There are some egregious acts, bringing a weapon to school, serious fights that must be dealt with sternly. Suspensions may impact the student who committed the act as well as the rest of the school. Restorative disciplinary practices are fine, principals and their staffs must have access to a toolkit; a wide range of approaches that fit the situation – removing a tool, suspensions simply makes the job harder and solutions more difficult.
I asked the same principal, a thoughtful guy, whether, in his view, suspension, was an essential part of the school to prison pipeline.
Don’t get me started, can I single out kids in early childhood grades that probably won’t graduate and will get in trouble with the law – sadly, yes. Try as we might, each year we lose a few more kids to the culture of the streets. The signs are clear: poor attendance, more fights, the wrong friends, we see it every year. We try to reel them back in, sometimes successful, too often not.
Believe it or not we are only thirteen months away from the Democratic mayoral primary. Shortly after the presidential election candidates will have to begin their campaigns: raising dollars and raising their profile. With low polling numbers will a Democrat decide that de Blasio is so damaged that he’s vulnerable? Does Scott Stringer, the Comptroller, or Letitia James, the Public Advocate want to give up their positions to run for mayor, or, wait four years? How about Reuben Diaz, the Bronx Borough President? Or, maybe a Republican who can raise the mega-dollars – is there another Rudy Giuliani? For twenty years the heavily Democratic city had Republican mayors. How about Eva Moskowitz?
In my mind there is no question that the UFT, the teacher union is firmly in the de Blasio camp.
The political harmony between Mayor Bill de Blasio and United Federation of Teachers president Michael Mulgrew has faded in recent months, with Mulgrew issuing a series of denunciations of City Hall’s key education agenda items.
“We strongly believe that if the DOE properly managed existing programs, the number of suspensions for students under the age of eight would be greatly diminished,” Mulgrew wrote. “Better management would also result in more schools developing a positive culture of discipline and respect. Given the DOE’s poor track record in this area, we cannot support the plan at this time.”
To criticize actions of the Department of Education is not a “series of denunciations;” in mature labor-management relationships the parties can “agree to disagree.” The actions of the chancellor in whittling away at the discipline code, in sharply reducing the number of suspensions, we understand, is a political act; an appeal to a constituency that firmly believes that the act of suspension leads to dire consequences for Afro-American males.
All politics is local.
The union president is acting responsibly – he is representing his members, and, the parents of children across the city – you cannot simply bar suspensions without addressing the underlying issues – unacceptable behavior. The Department cannot simply wave a magic wand and claim restorative justice practices are an alternative to suspension.
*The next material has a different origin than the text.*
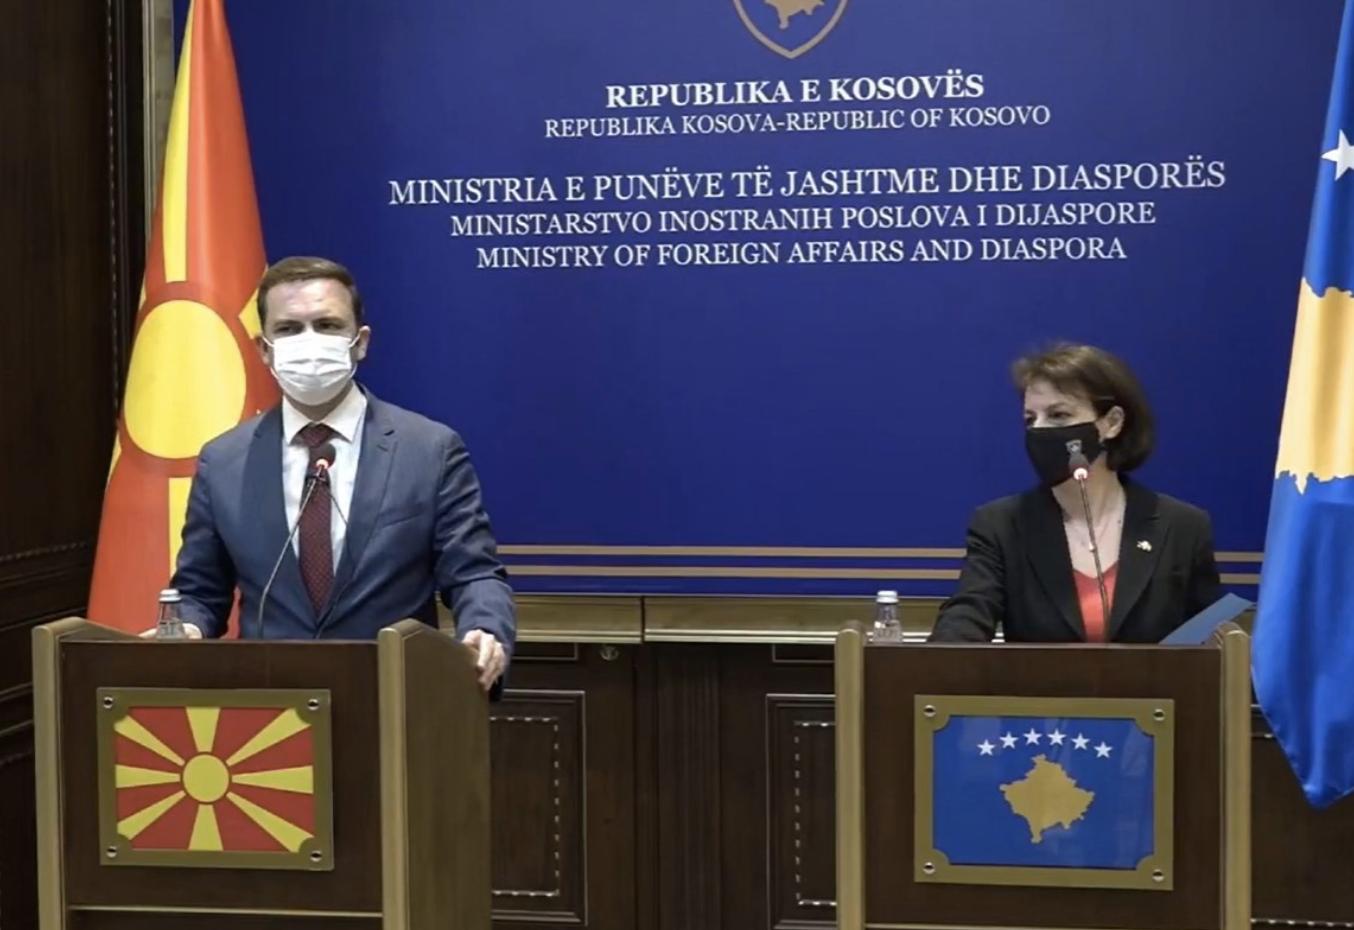 Osmani: Κοσσυφοπέδιο και Βόρεια Μακεδονία είναι ένα καλό παράδειγμα καλής γειτονίας

Principals and teacher must have a wide range of tools to address unacceptable behavior, and to address the social and emotional deficits that result in these behaviors. Schools needs mental health professionals to work with children and their families as well as to work with school staffs and a wider range of alternative settings.
To call out the chancellor is not a sign of political dissatisfaction with the mayor; it is a union leader representing his members.
In the cauldron od politics someone is polling to see whether supporting suspensions will have a positive political impact.
A political axiom: win the election first, making a better world comes next.